To exam these overheads, in *storeds-bench*, we implemented the storage data structures in four different versions: DRAM, PMEM-Volatile, PMDK-Persist, PMDK-Trans for comparison. Here, DRAM version is the traditional data structure implementation in DRAM, without any persistence. PMEM-Volatile is the usage of persistent memory device as a volatile memory with the support of PMDK libvmem [3] library. Both PMDK-Persist and PMDK-Trans use the PMDK libpmemobj library to implement [3]. PMDK-Persist leveraged \_persist APIs to guarantee single write persistence. PMDK-Trans further leveraged PMDK transaction APIs to guarantee multiple memory accesses consistency, which is necessary for operations like allocating a new entry and linking it into a list.

We leveraged the YCSB workload generator to create different workloads for the evaluations [2]. We used 8 Byte integer key, 128 Byte string value, and, Zipfian type request distribution for most of the tests.

# 4 Initial Results and Analysis

We reported our initial results in Fig. 1. In this test, we evaluated the performance of four different versions (DRAM, PMEM-Volatile, PMEM-Persist, PMEM-Trans) of four example data structures, i.e., hashtable, array, skiplist, and b-tree, on five different YCSB workloads. Note that, all these data structures are implemented following basic strategies as our goal is to exam how data structures are affected by PMEM instead of finding the best implementation.

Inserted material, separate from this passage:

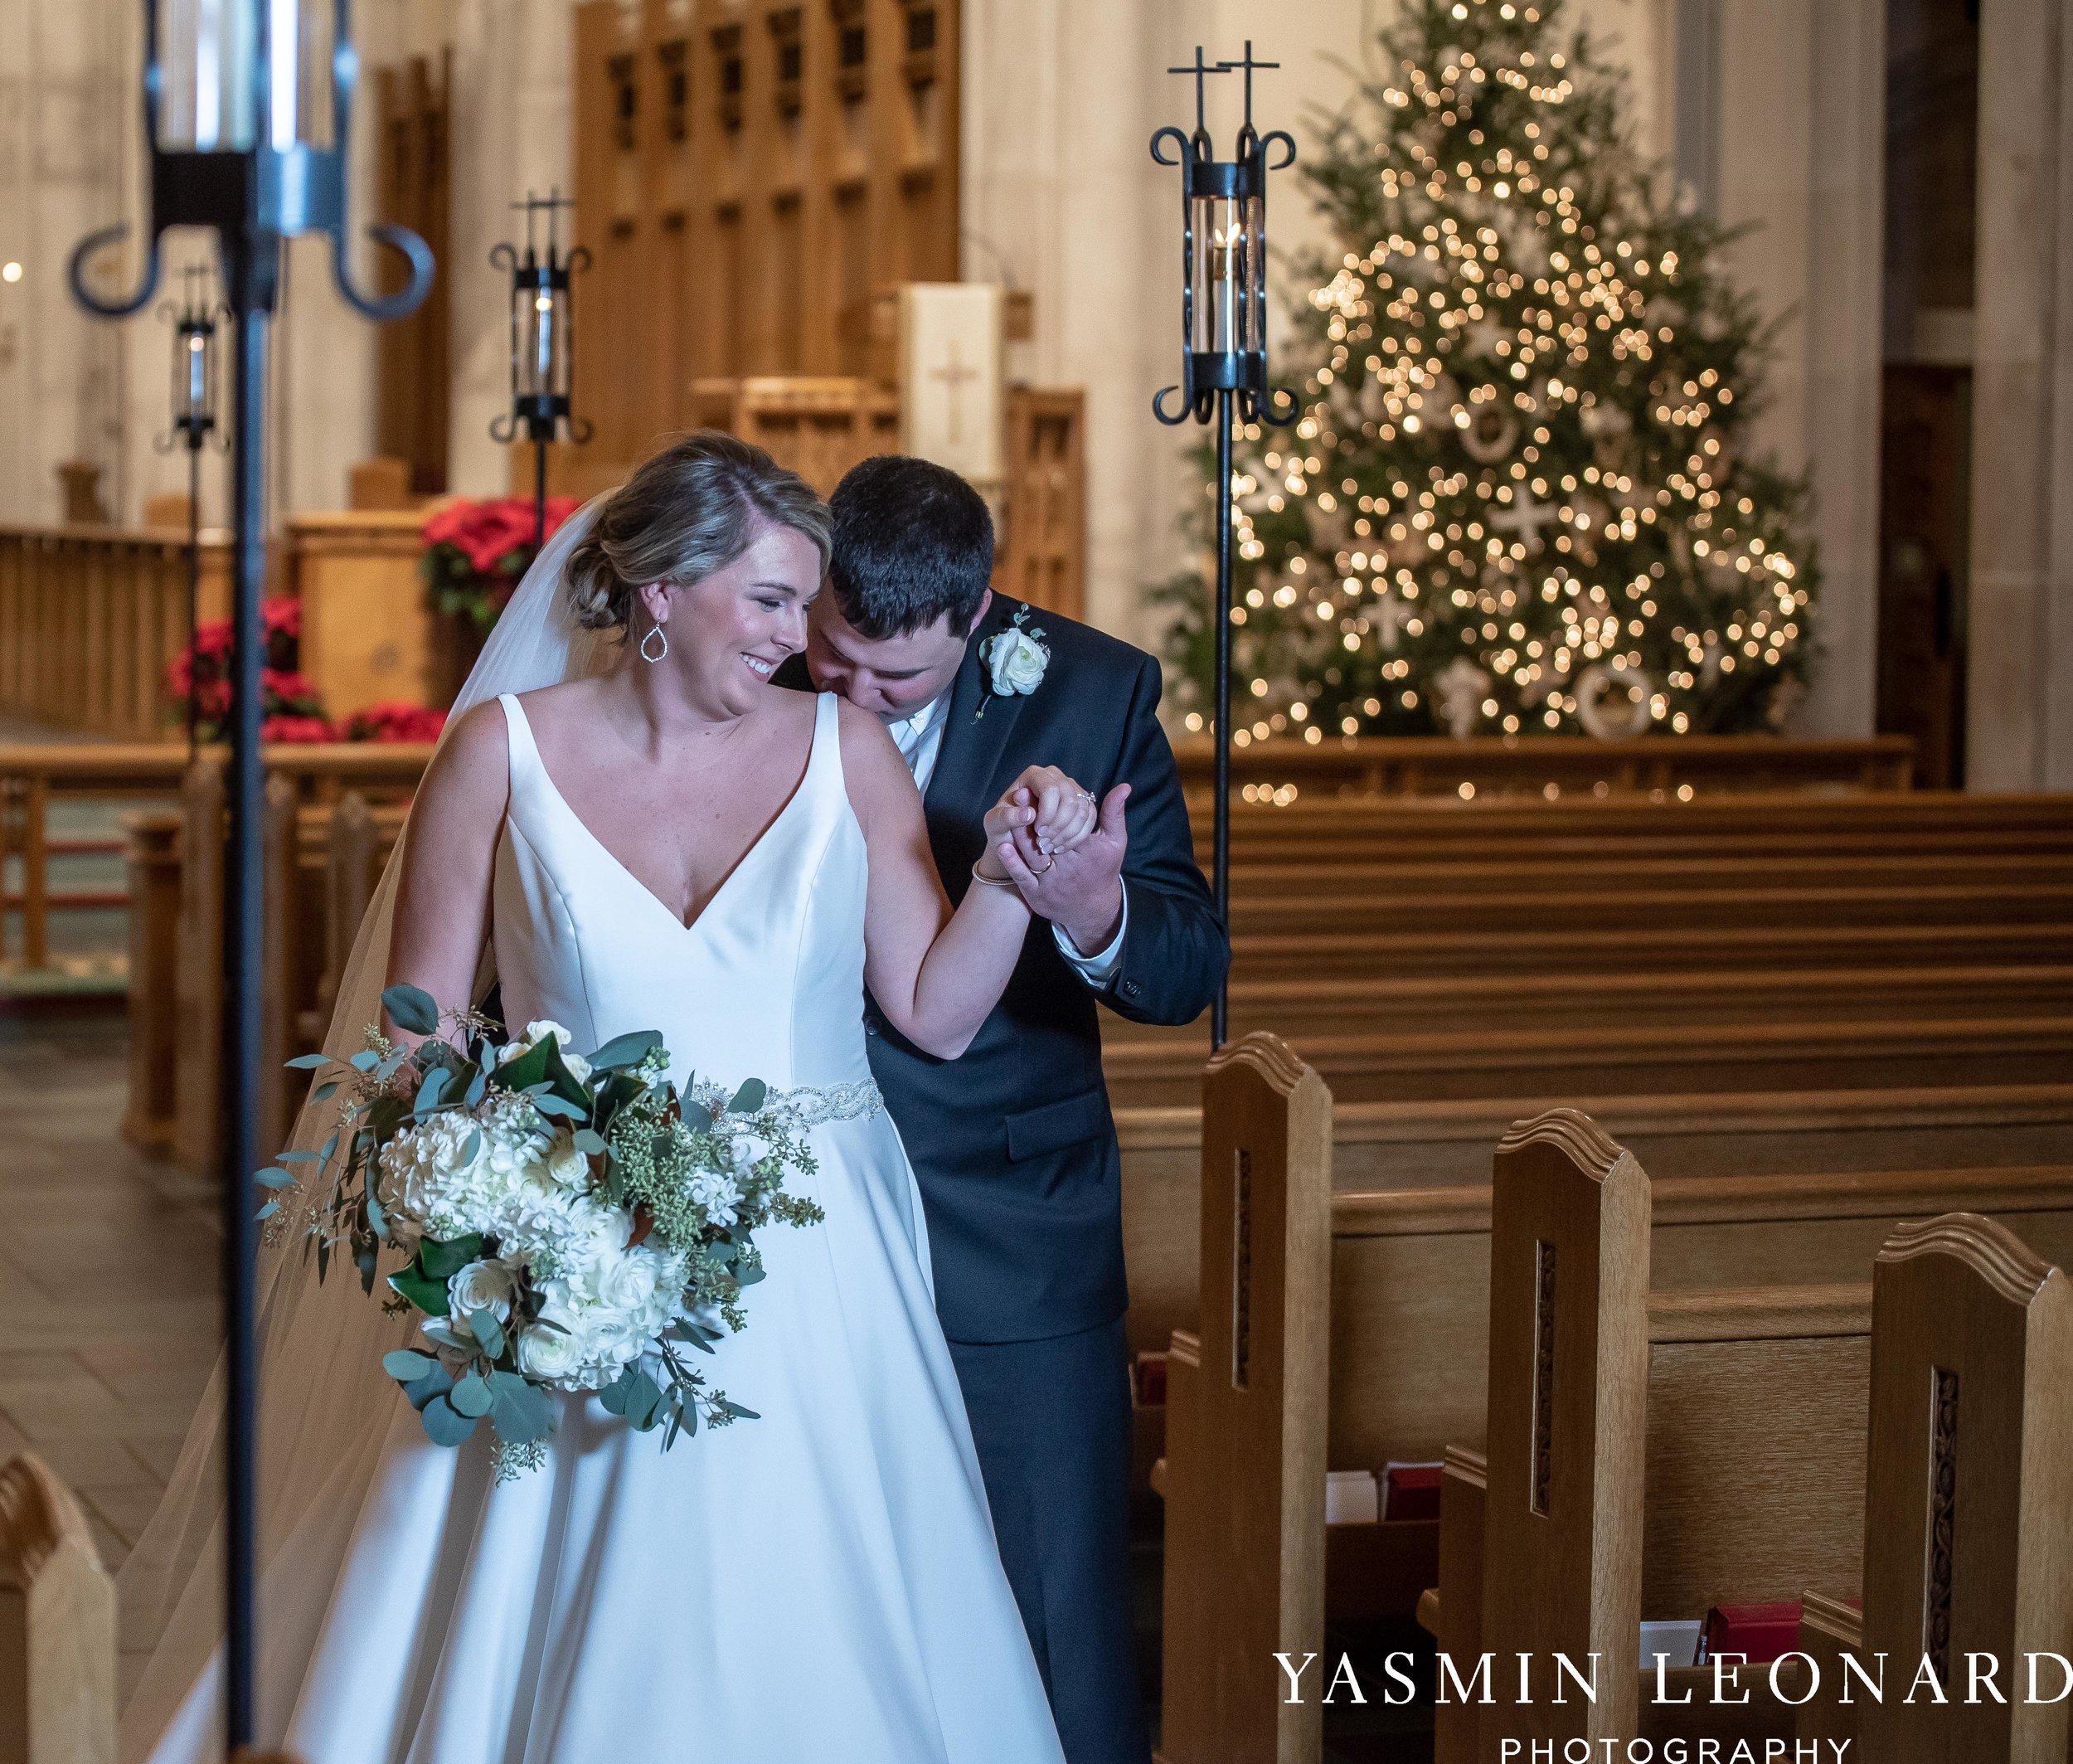 Adaumont Farm - Wesley Memorial Weddings - High Point Weddings - Just Priceless - NC Wedding Photographer - Yasmin Leonard Photography - High Point Wedding Vendors-43.jpg

From these results, we have several initial observations. First, PMEM persistence and transaction do have negative



**Figure 1.** storeds-bench results. y-axis shows the throughput (K operations per second); x-axis shows different workloads.

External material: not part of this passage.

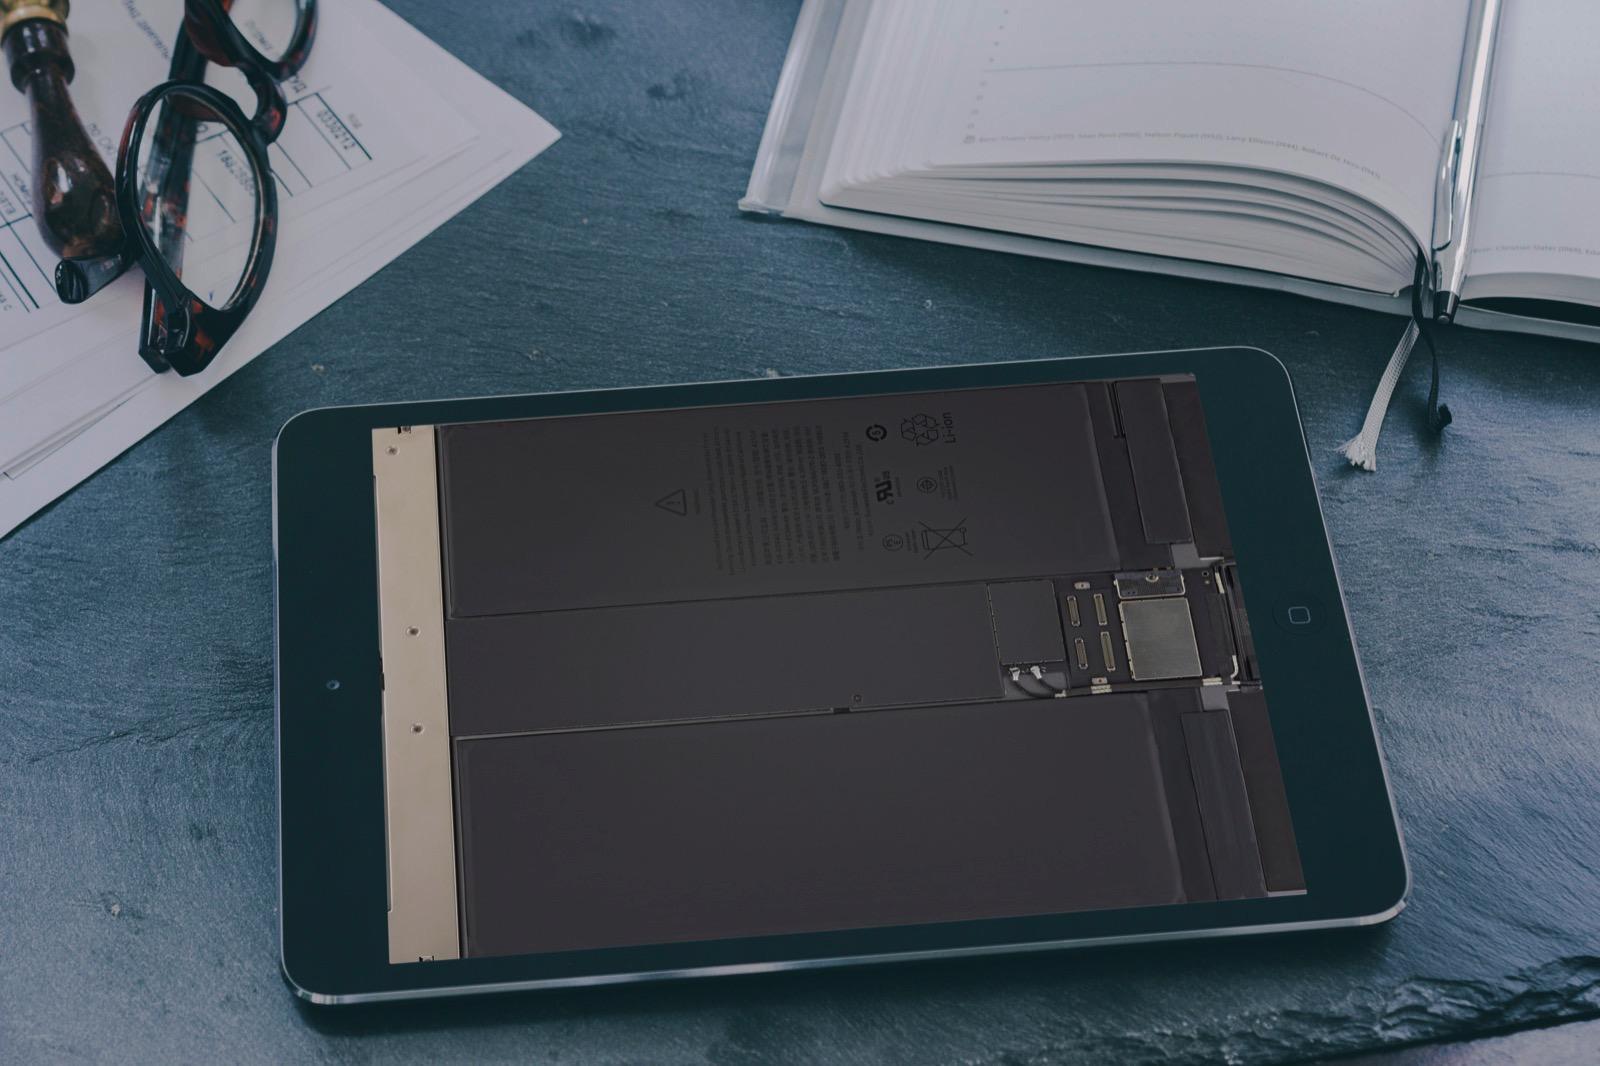 Ipad Air 3 の内部が透けて見える シースルー壁紙が公開 ゴリミー

impacts on write performance. For instance, b-tree PMEM-Trans version performs 29x worse than its DRAM counterpart on write-dominated (i.e., 0(R)/100(W)) workload. Second, PMEM devices have much less overhead on read-dominate (i.e., 100(R)/0(W)) workload. In fact, PMEM-Volatile b-tree and skiplist has a similar performance as its DRAM version. Given PMEM is physically slower than DRAM, we believe such a result should come from the cache behaviors. It is also noticeable that PMEM has different impacts on different data structures on a read-dominated workload. For instance, b-tree and hashtable have almost the same DRAM performance, while hashtable performs much worse than b-tree on PMEM. Last but not the least observation is that, in our current implementation, a data structure that performs better in DRAM may perform worse in PMEM. For example, for write-dominated workload (i.e., 0(R)/100(W)), b-tree performs better than skiplist on DRAM (1420 vs. 992), but performs worse on PMEM-Trans (49 vs. 152). Such a result shows the necessity of having *storeds-bench* to benchmark the overheads of data structures before making the design decisions, and exemplify that data structures performance on PMEM could diverge from its traditional DRAM version.

### References

- Shimin Chen and Qin Jin. 2015. Persistent b+-trees in non-volatile main memory. Proceedings of the VLDB Endowment 8, 7 (2015), 786-797.
- [2] Brian F Cooper, Adam Silberstein, Erwin Tam, Raghu Ramakrishnan, and Russell Sears. 2010. Benchmarking cloud serving systems with YCSB. In Proceedings of the 1st ACM symposium on Cloud computing. ACM, 143–154.
- [3] pmem.io Persistent. 2019. Persistent Memory Programming. https://pmem.io. Accessed: 2019-11.
- [4] Kosuke Suzuki and Steven Swanson. 2015. A survey of trends in non-volatile memory technologies: 2000-2014. In 2015 IEEE International Memory Workshop (IMW). IEEE, 1–4.
- [5] Alexander van Renen, Lukas Vogel, Viktor Leis, Thomas Neumann, and Alfons Kemper. 2019. Persistent Memory I/O Primitives. arXiv preprint arXiv:1904.01614.